My attempts to engage and influence students moves on to the 19th century and the Penny Press era. New York’s most recognized landmarks, Times and Herald squares, are the hallowed grounds of dynamic, visionary newspapers, the New York Times and the New York Herald [the latter which by the next century merged with an equally significant competitor, the New York Tribune]. Also during the early 1800s in New York, Freedom’s Journal was remarkable because black people could not vote, own property in most places, and were not citizens, nevertheless they could create their media and demonstrate for freedom and equality. 

Indeed, journalism matters.

After getting to know the students for a few weeks, I make it their turns to share what they have learned, and, believe. I task them to read about and then write essays about Colonial-era media makers, whether they are well known – Franklin, Adams, Jefferson, Thomas Paine and, New York Post founder Alexander Hamilton – or are important and deserving wider recognition, i.e. Anna Zenger, wife of printer John Peter Zenger, who continued to publish the New York newspaper while her husband was in jail, and Sarah Updike Goddard, a Rhode Island publisher.

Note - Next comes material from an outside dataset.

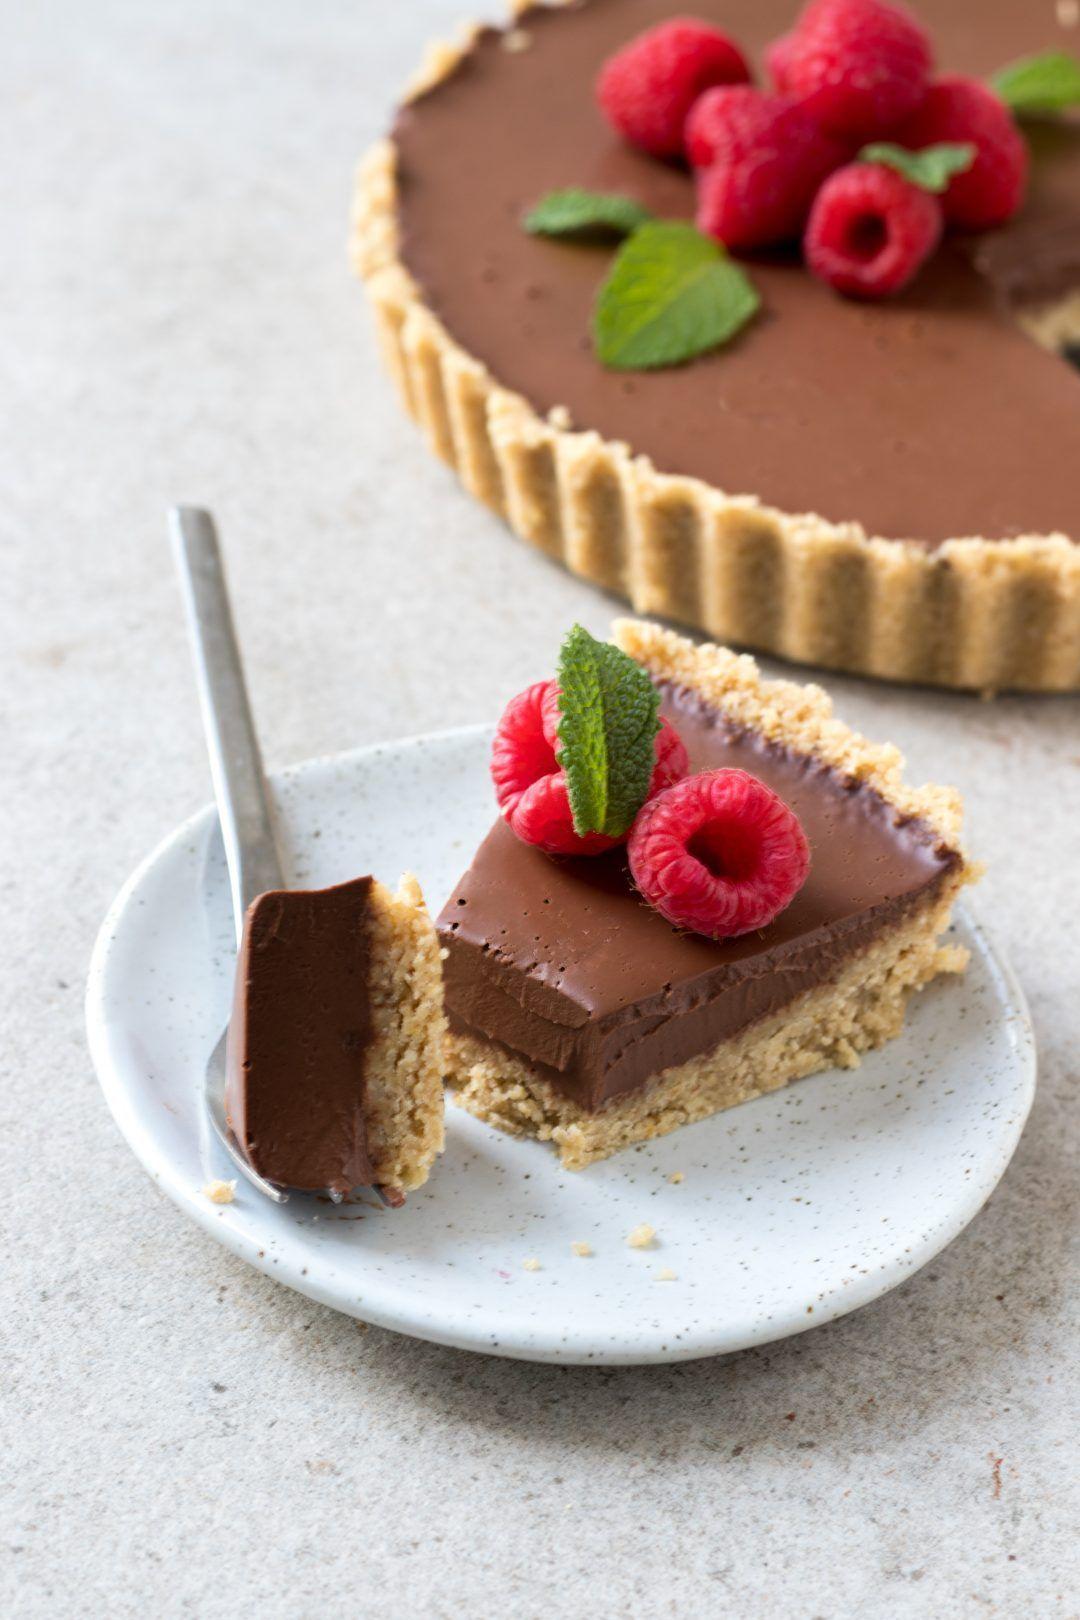 Healthy chocolate cake - Hands-free - Healthy recipes - Sustainable lifestyle -  healthy chocolate cake  - #Cake #Chocolate #deliciousdesserts #Handsfree #Healthy #Lifestyle #popularchristmasrecipes #Recipes #Sustainable #tumericrecipes

The next round of essays are assigned about the time class will focus of the startups of electronic media – radio, film and television at the start of the 20th century. This task is to write about modern-day journalists, people they see on cable news or read online. A recent trend has been that about a dozen notable African-American journalists have written memoirs or narrative non-fiction books. I have used this opportunity to craft a list of authors for the students to write about. Examples include Michele Norris of NPR and author of The Grace of Silence; Don Lemon of CNN, author of Transparent, and BTW a student favorite because of his relative youth and visibility, and Gwen Ifill of PBS author of The Breakthrough: Politics and Race in the Age of Obama. [Ifill, 61, an iconic Washington correspondent turned anchor, died in November]. 

Philosophically, this assignment is crucial because I teach mass media at a historically black university. It is important that students truly understand and appreciate the contemporary journalists who came before them.

Usually by the midterm, the students are fully immersed in the class and the routines: lectures integrated with multimedia, discussions, weekly quizzes and writing assignments. At this point I task students to choose their three-member teams in order to work together to produce 10-minute end-of-semester multimedia projects on topics that mostly relate to television, film or digital media since that trio of topics is our focus in the second half of the semester. 

I remind the students that for most of the semester I have dictated what I believe they must learn and know in a survey of 325 years of American Media History from 1690 and the publication of Publick Occurrences, Both Foreign and Domestic, to the utility of 21st century social media networks. Now I say, it’s their turns to show me and their peers what media is relatable and important in their lives. 

I will also get to assess students’ varied talents as I observe them present in teams: Some are bookish scholars, others are showmen and women, and still others are behind-the-scenes producers and directors. 

In the end the variety makes for what I believe is a shared learning experience.